Analysis of Workpiece Locating Error Using Geometric Fixture Model: A Theoretical and Experimental Study

Document Type : Research Article

Authors

1 Faculty of Mechanical and Mechatronics Engineering, Shahrood University of Technology, Shahrood, Iran

2 Tarbiat Modares University, Mechanical Engineering Department, Tehran, Iran

Abstract

Investigation of the robustness of the locating layout is an important analysis which is usually conducted in the verification stage of the fixture design procedure. In such an analysis, workpiece locating error is modeled by considering its sources in the workpiece and locating elements. The main focus of the present study is to investigate the robustness of the locating layout which is designed for the workpiece in the machining fixture, both theoretically and experimentally. Geometric model of the fixture is employed for theoretical analysis of errors in locating a workpiece using the well-known 3-2-1 locating principle.
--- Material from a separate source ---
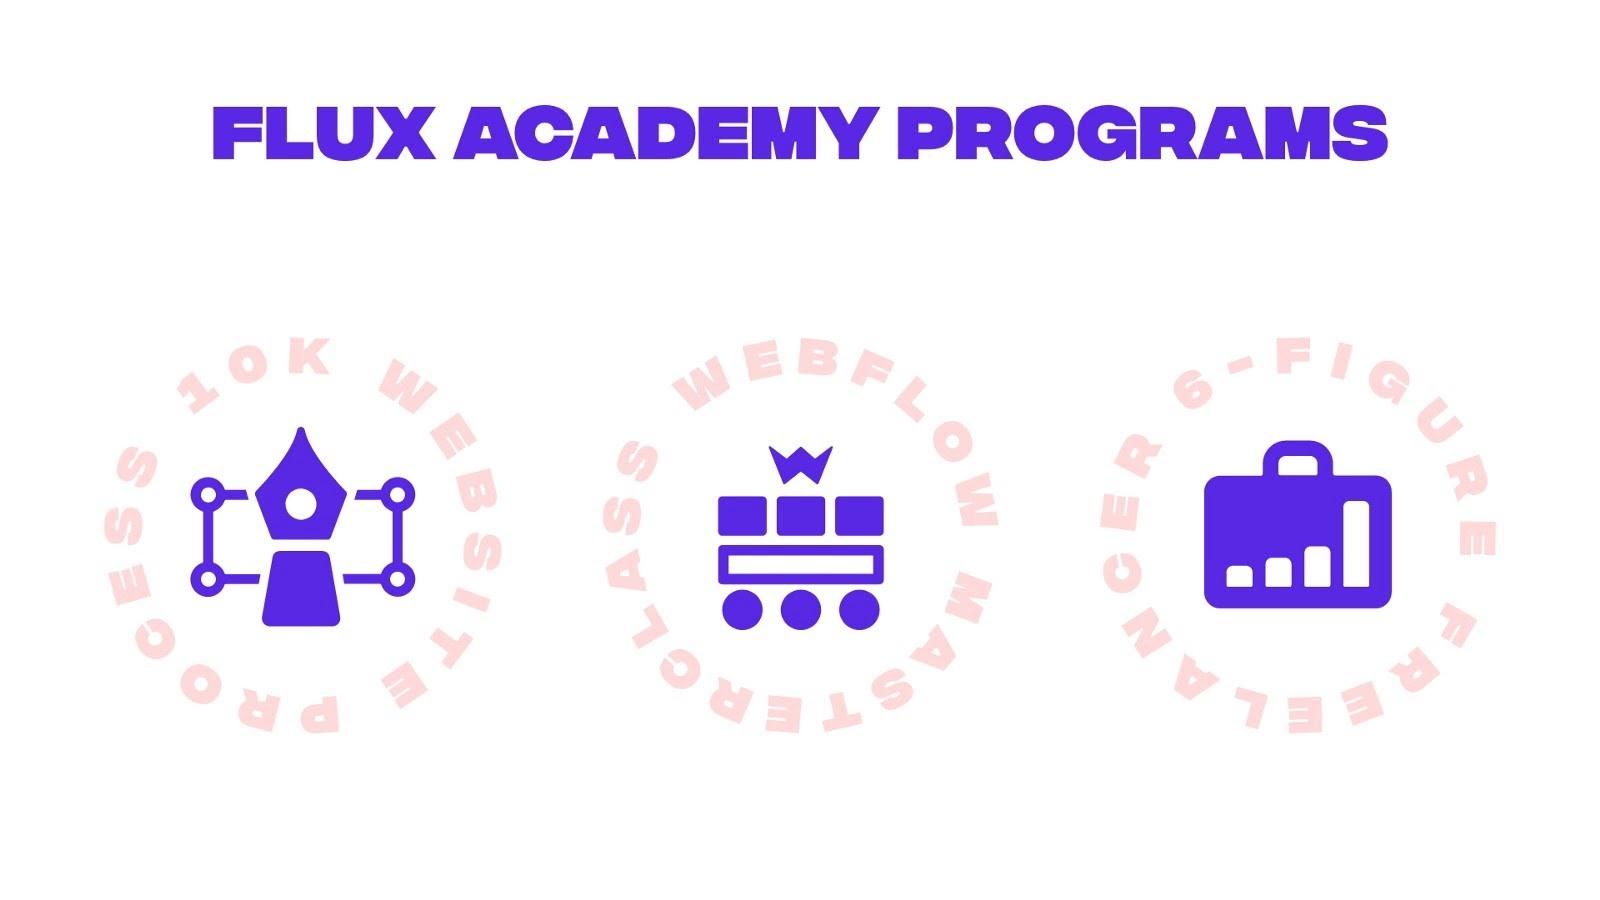 Flux Academy programs
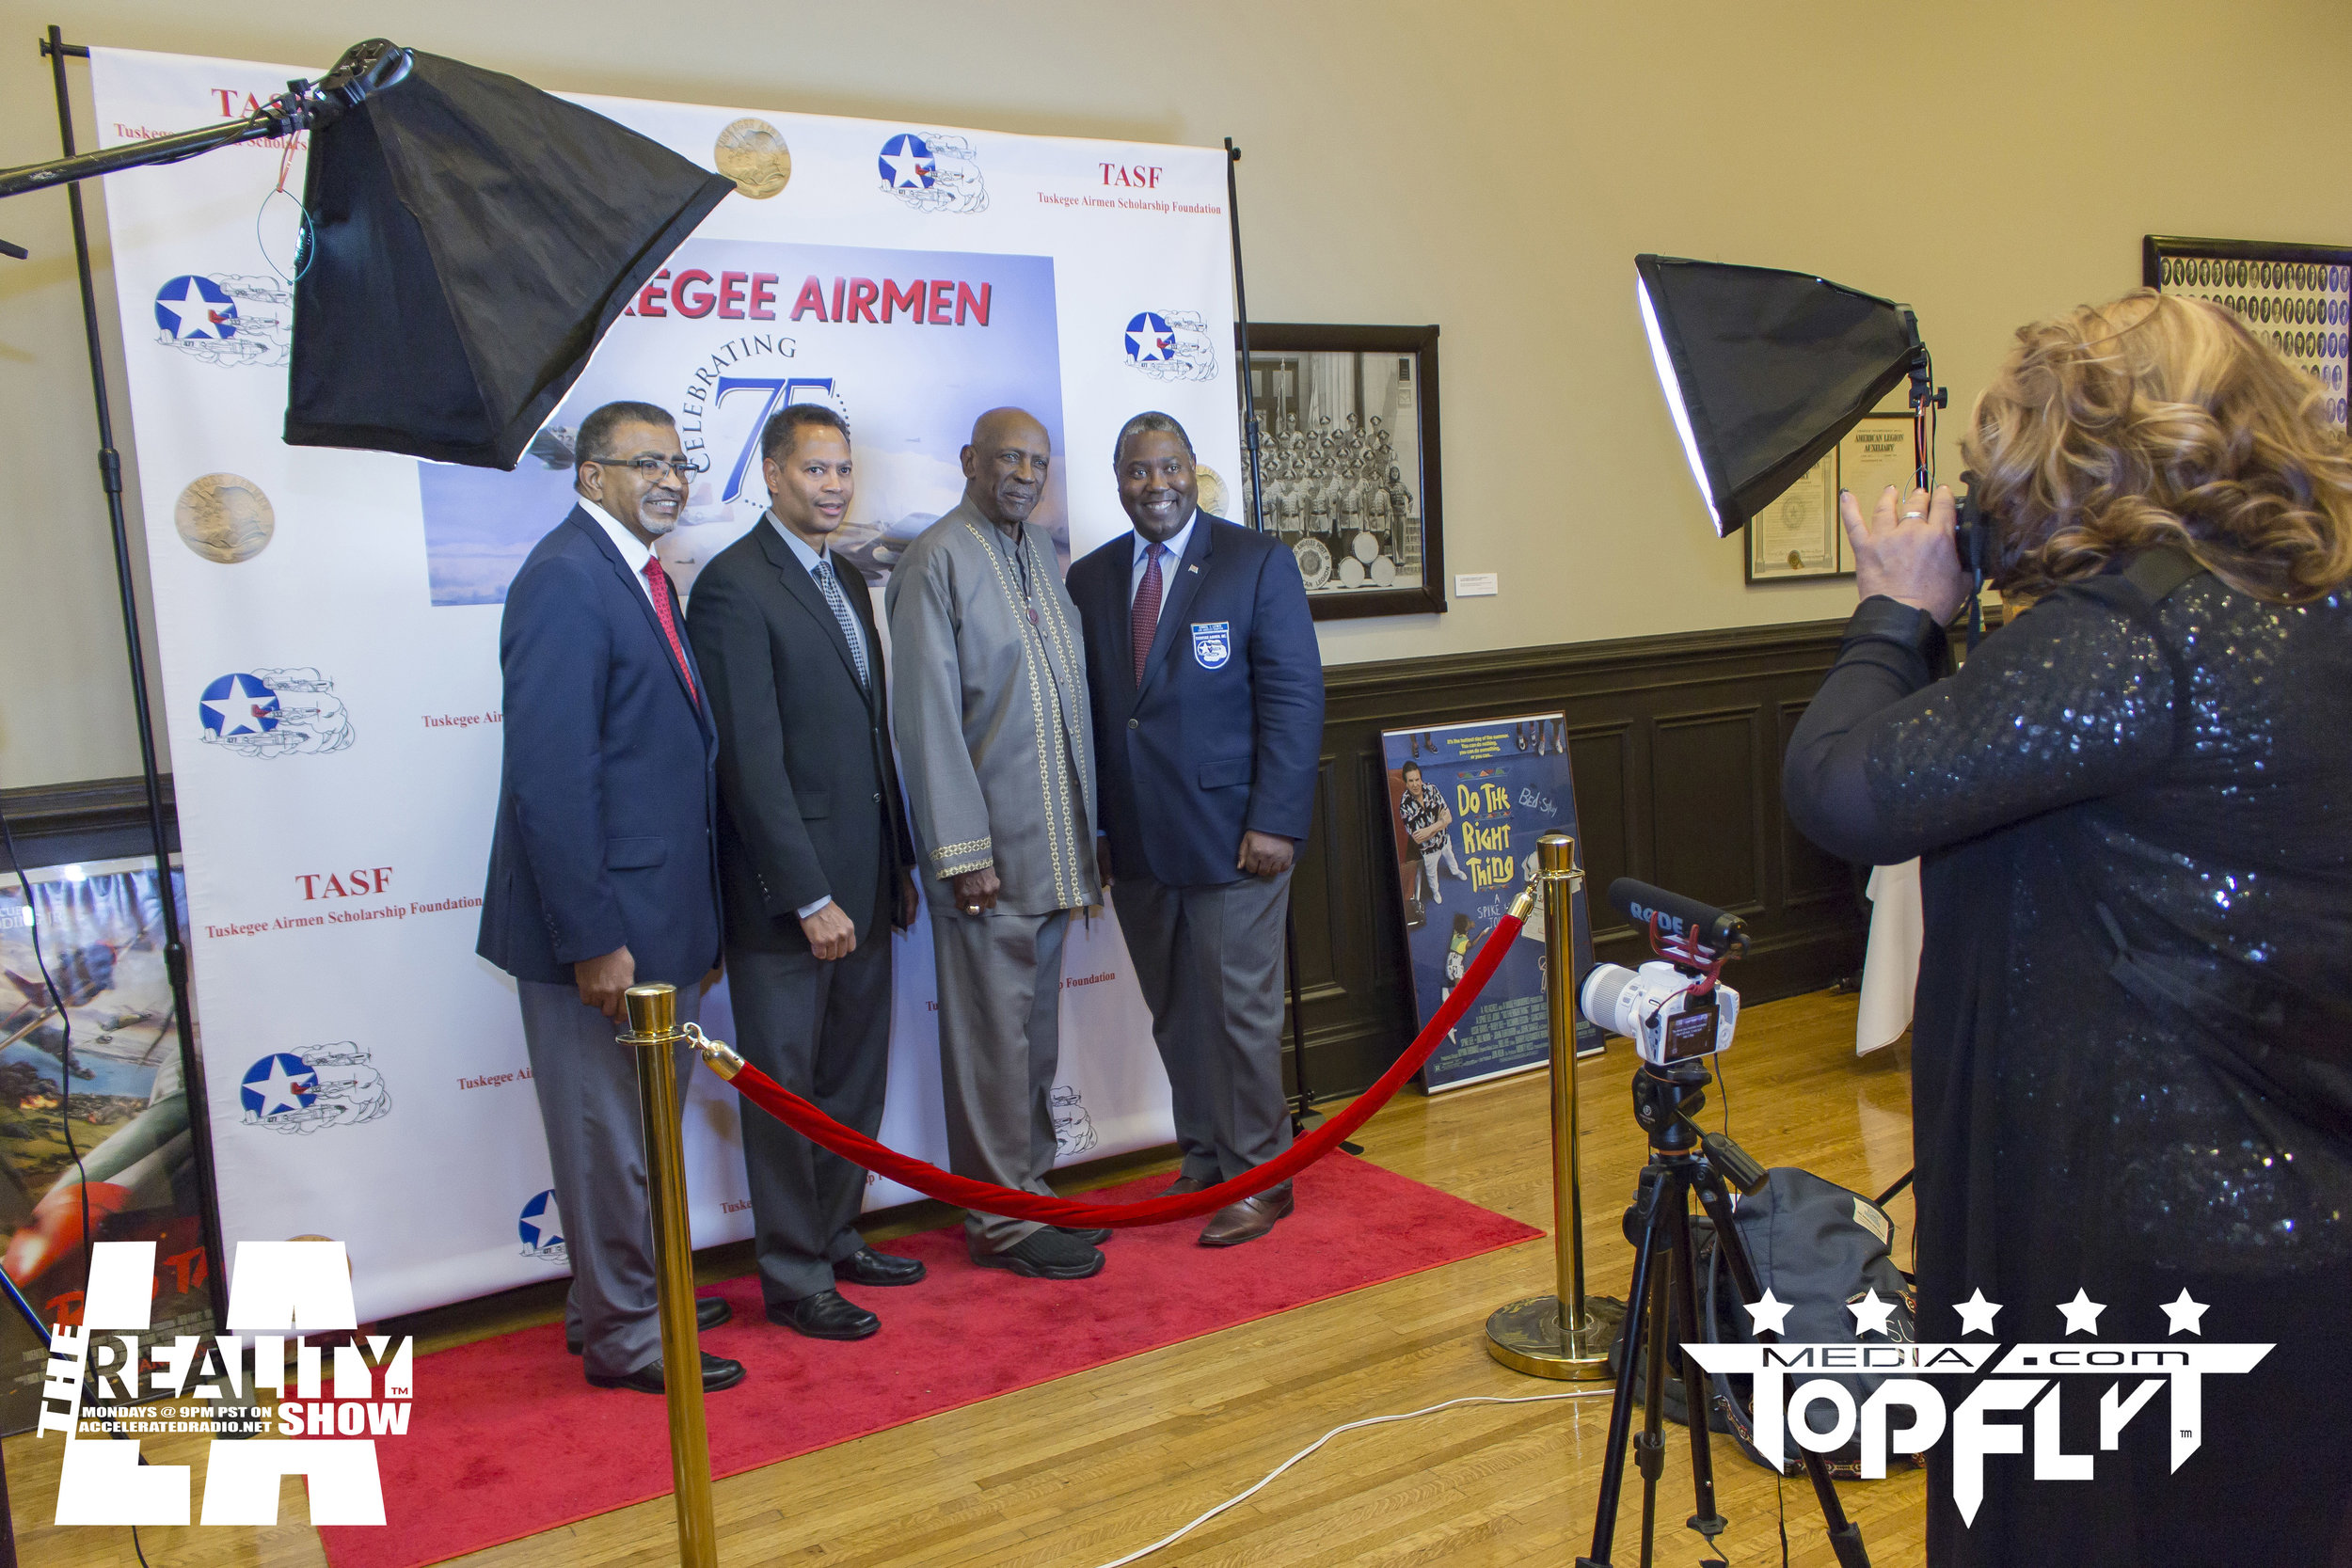 The Reality Show LA - Tuskegee Airmen 75th Anniversary VIP Reception_72.jpg

For validation, computer-aided assembly model is designed for calculating the workpiece locating error and comparing the results to the theoretical predictions. Experiments are also designed and conducted for validation of the theoretical predictions. Two types of the machining workpiece are incorporated as case studies for the validation process. Maximum error values equal to 3.6% and 6.1% are obtained between the theoretical predictions for the workpiece locating error and results of the computer-aided design model and experiments, respectively. Results of the present study confirmed that the locating layout with the maximum distance between its locators provided the minimum locating error value for the workpiece. Agreement between the theoretical predictions and results of the computer-aided model and experiments confirmed the applicability of the geometric fixture model and credibility of its results.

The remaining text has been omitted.